Командир и так уже почти спал, сидя на разножке. Борясь со сном, он
думал и взвешивал Он отлично понимал, что, если он немедленно же не
отдохнет, он погубит и лодку и людей. Он с усилием поднял голову.
- Товарищ старшина первой статьи, - сказал он таким тоном, что старшина
невольно выпрямился и стал "смирно", - вступайте во временное командование
лодкой. Я, и точно, не в себе. Лягу. Следите за людьми, может, кто очнется,
полезет в люк отдраивать... или продувать примется... Не допускать.
Он помолчал и добавил:
- И меня не допускайте к клапанам до двадцати одного часа. Может, и
меня к ним тоже потянет, понятно?
- Понятно, товарищ капитан-лейтенант, - сказал старшина.
Командир снял с руки часы.
- Возьмите. Чтобы все время при вас были, мало ли что... Меня разбудить
в двадцать один час, понятно?
- Понятно, - повторил старшина, надевая на руку часы.
Он помог командиру встать на ноги и дойти до каюты. Очевидно, тот уже
терял сознание, потому что повис на его руке и говорил, как в бреду:
- Держитесь, старшина... Выдержи... Лодку тебе отдаю... людей отдаю...
На часы смотри, выдержи, старшина...
Старшина уложил его в койку и пошел по отсекам.
Он шел медленно и осторожно, стараясь не делать лишних движений, потому
что и у него от них кружилась голова. Он шел между бесчувственных тел,
поправляя руки и ноги, свесившиеся с коек, с торпедных аппаратов, с дизелей.
Порой он останавливался возле спящего или потерявшего сознание краснофлотца,
оценивая его: может, если его привести в чувство, пригодится командиру при
всплытии? Он попробовал расшевелить тех, кто казался ему крепче и выносливее
других. Из этого ничего не получилось. Только трое на минуту пришли в себя,
но снова впали в бесчувственность. Однако он их приметил: это были нужные
при всплытии люди - электрик, моторист и еще один трюмный.

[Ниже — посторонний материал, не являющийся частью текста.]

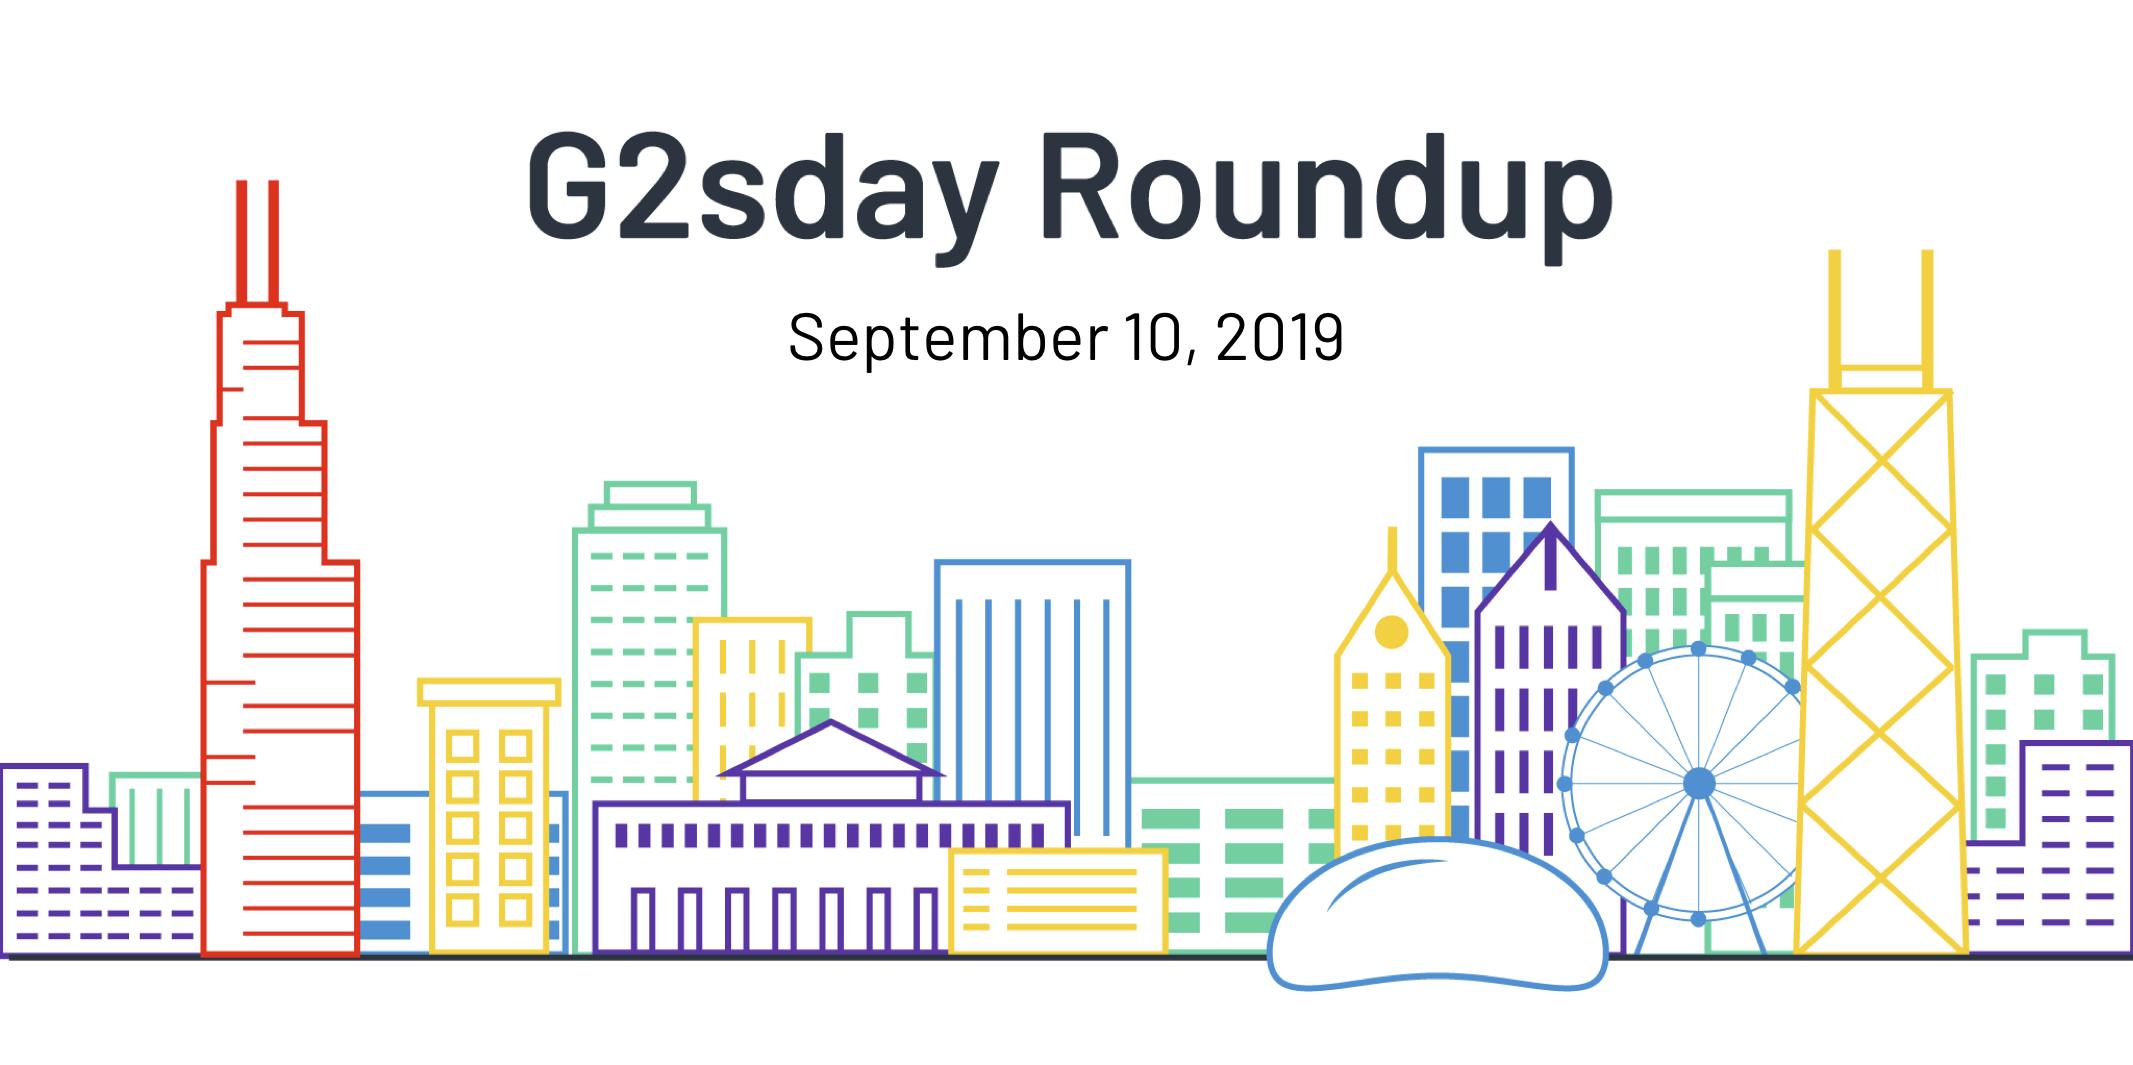 G2sday Roundup 9-11-2019
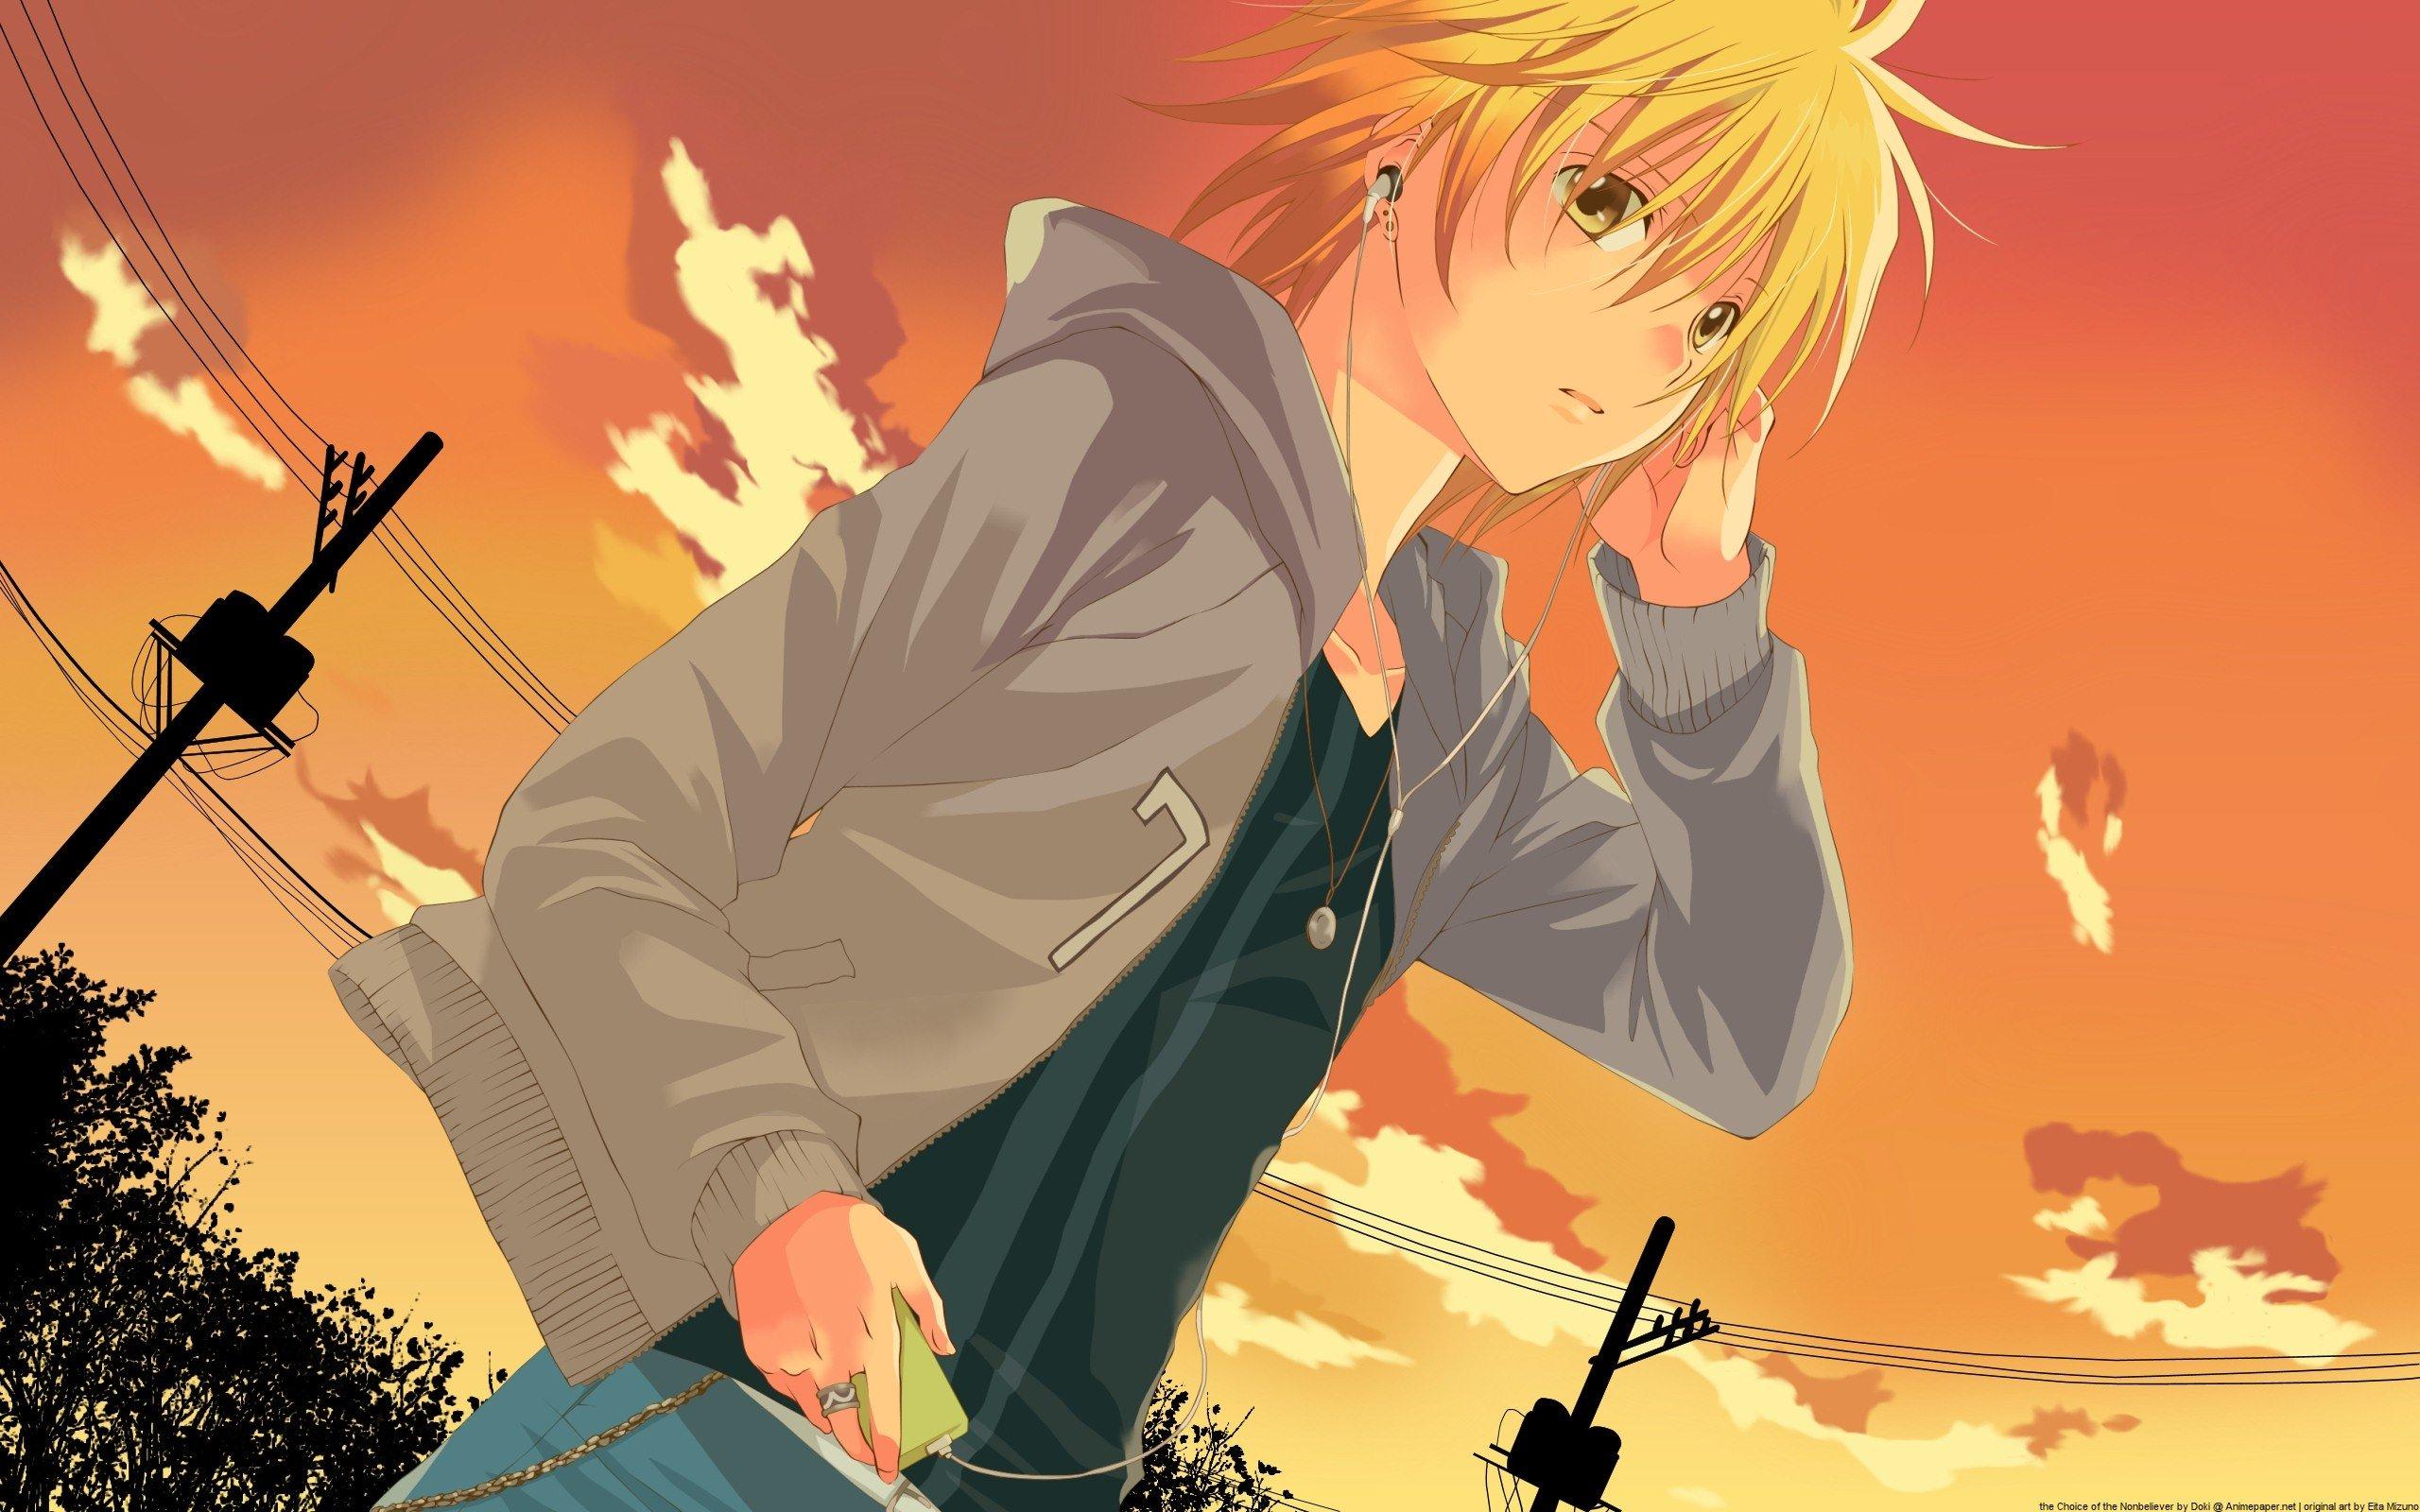 manga, Anime, Anime girls Wallpaper

Трижды за первые два часа ему пришлось прибегать к своему способу
облегчения. Но в желудке ничего не осталось, и рвота стала мучительной. По
третьему разу он почувствовал, что его валит непобедимое стремление заснуть.
Чтобы отвлечься, он опять пошел по отсекам, пошатываясь. Когда он проходил
мимо командира, он подумал, не разбудить ли его, потому что сам он мог
неожиданно для себя заснуть. Он остановился перед командиром. Тот
по-прежнему продолжал бредить:
- Двадцать один час... Боевая задача... Держись, старшина...
- Спите, товарищ командир, все нормально идет, - ответил он, но,
видимо, командир его не слышал, потому что повторял однотонно и негромко:
- Держись, старшина... Держись, старшина...
Старшина смотрел на него, взволнованный этим бредом, в котором командир
и без сознания продолжая верить тому, кому он поручил свой отдых, нужный для
спасения лодки. Ему стало стыдно за свою слабость. Он пересилил себя и пошел
в центральный пост.
Но там, оставшись опять один, он снова почувствовал, что должен
забыться хоть на минутку. Голова сама падала на грудь, и он боялся, что
заснет незаметно для самого себя. Тогда он пошел на хитрость: прислонился к
двери, взялся левой рукой за верхнюю задрайку и привалился головой к
запястью с тем расчетом, что если случайно он заснет, то пальцы разожмутся и
голова неминуемо стукнется о задрайку, что, несомненно, заставит его
опомниться.
Какое-то время он сидел в забытьи, слушая громкий стук в висках. Потом
этот стук перешел в ровное, убаюкивающее постукивание, равномерное и не
очень торопливое. Это тикали у самого уха командирские часы на руке. Они
тикали и как будто повторяли два слова: "Дер-жись, стар-шина, дер-жись,
стар-шина..." Он понял, что засыпает, и тут же хитро подумал, что пальцы
обязательно разожмутся, как только он уснет, и что пока можно сидеть
спокойно, отдаваясь этому блаженному забытью. Но часы тикали надоедливо, и
надоедливо звучали слова: "Держись, старшина", - и вдруг он вспомнил, что
они значат...
Он резко поднял голову и хотел снять руку с задрайки. Но пальцы так
вцепились в задрайку непроизвольной, цепкой судорогой, что он испугался. Их
пришлось разжать другой рукой.
Ему стало ясно, что нельзя идти ни на какие сделки с самим собой:
несмотря на свой хитрый план, он мог сейчас заснуть, как и все другие, и
погубить лодку. Чтобы встряхнуться, он запел громко и нескладно. Он никогда
не пел раньше, стесняясь своего голоса, но сейчас его никто не слышал, Он
пел дико и фальшиво, перевирая слова, но песня эта его несколько рассеяла.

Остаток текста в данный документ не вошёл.